Cisco broni się też przed zarzutami zawartymi w raporcie Forrester zapowiadając, że wraz z rozwojem technologii NAC wiele z prezentowanych problemów zniknie, a systemy kontrolujące dostęp do sieci będą prostsze i łatwiejsze w użyciu. O dobrej przyszłości stojącej przed tego typu rozwiązaniami świadczyć ma też ponad 1600 firm, które już zdecydowały się na implementację Cisco NAC.

IETF przygotowuje standard

Choć wielu producentów oprogramowania oferuje systemy kontroli dostępu do sieci określane jako NAC i mające podobną funkcjonalność, to praktycznie żadne z tych rozwiązań nie współpracuje z innymi aplikacjami, bo wykorzystuje różne protokoły i niezgodne mechanizmy skanowania systemów.

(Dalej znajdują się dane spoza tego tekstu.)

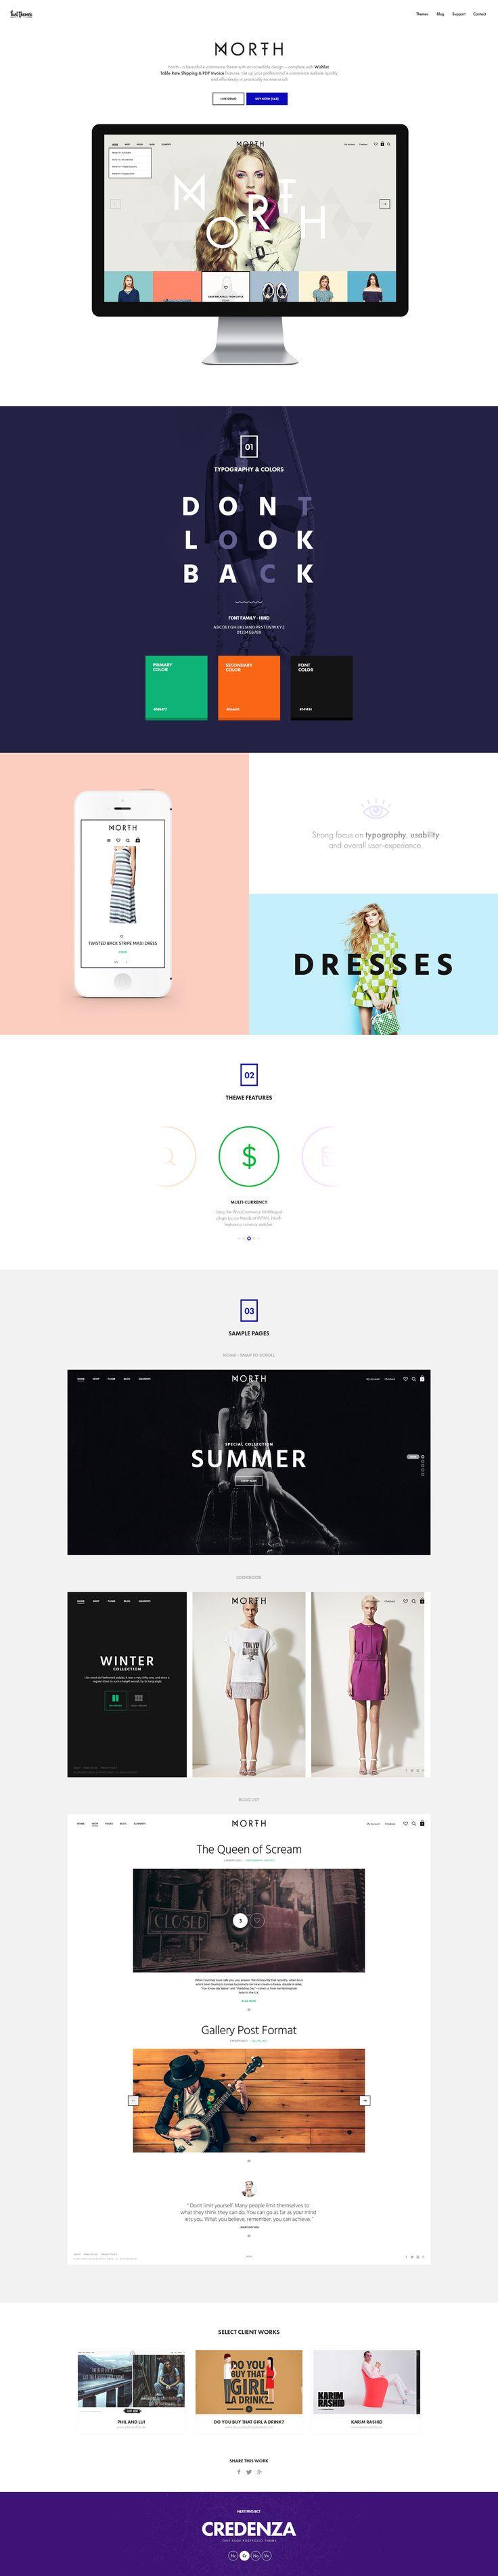 Dribbble social app ui design jpg by ramotion - Dribbble North_casestudy Jpg By Aykut Y Lmaz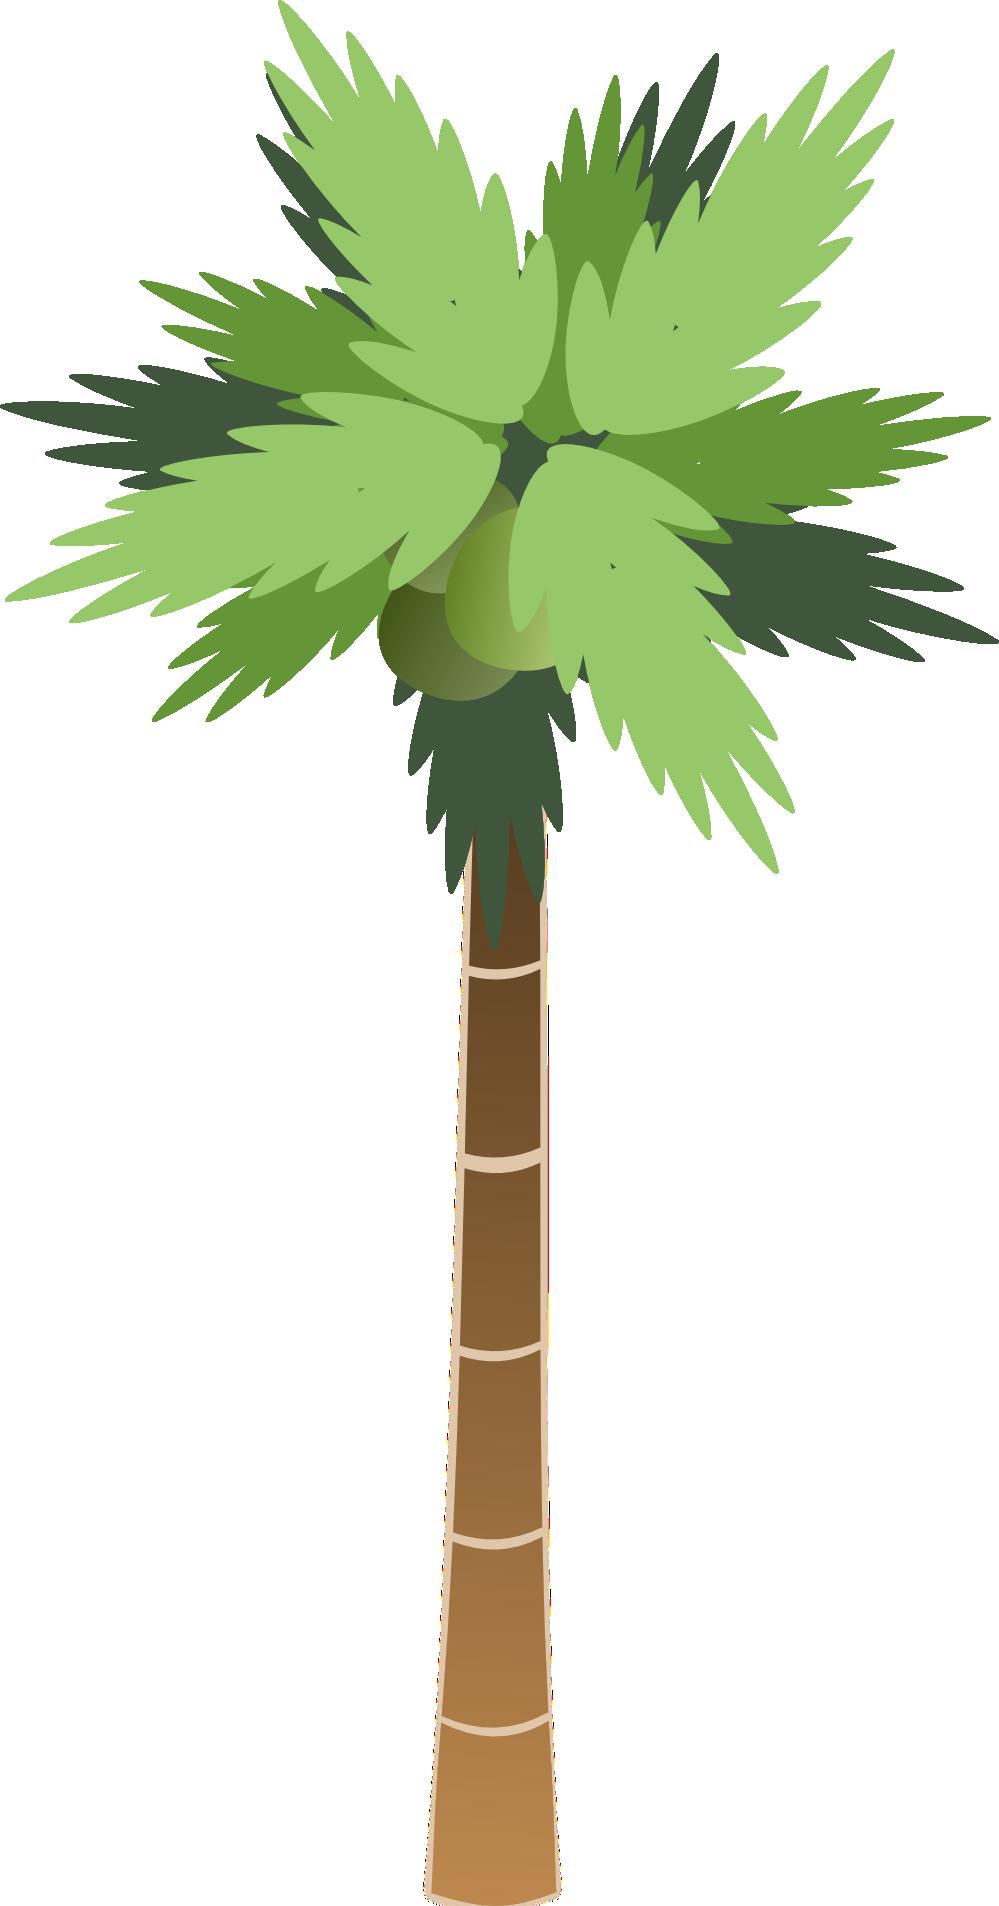 Qcbayqagi Png 999 1906 Palm Tree Clip Art Palm Tree Png Coconut Palm Tree

Dlatego też już jesienią ub.r. organizacja IETF utworzyła NEA (Network Endpoint Assessment) Working Group, której zadaniem jest standaryzacja mechanizmów wykorzystywanych do wymiany informacji w sieciowych systemach kontroli dostępu. Chodzi głównie o uzgodnienie najpopularniejszych protokołów Cisco NAC, Microsoft NAP i Trusted Computing Group TNC tak, aby wykorzystujące je systemy mogły ze sobą współpracować przynajmniej w podstawowym zakresie.

NEA przygotowała już pierwszą wersję dokumentu prezentującego proponowaną, ujednoliconą terminologię, model referencyjny, przewidywane zastosowania technologii oraz wymagania dotyczące niezbędnych modyfikacji istniejących protokołów, które mają być ewentualnie poddane standaryzacji. Na razie jest to dopiero wstępna propozycja dotycząca tylko niektórych, podstawowych funkcji protokołu. Według planu IETF specyfikacja RFC (Request For Comment), która ma być podstawą opracowania ostatecznego standardu, zostanie opublikowana w grudniu tego roku.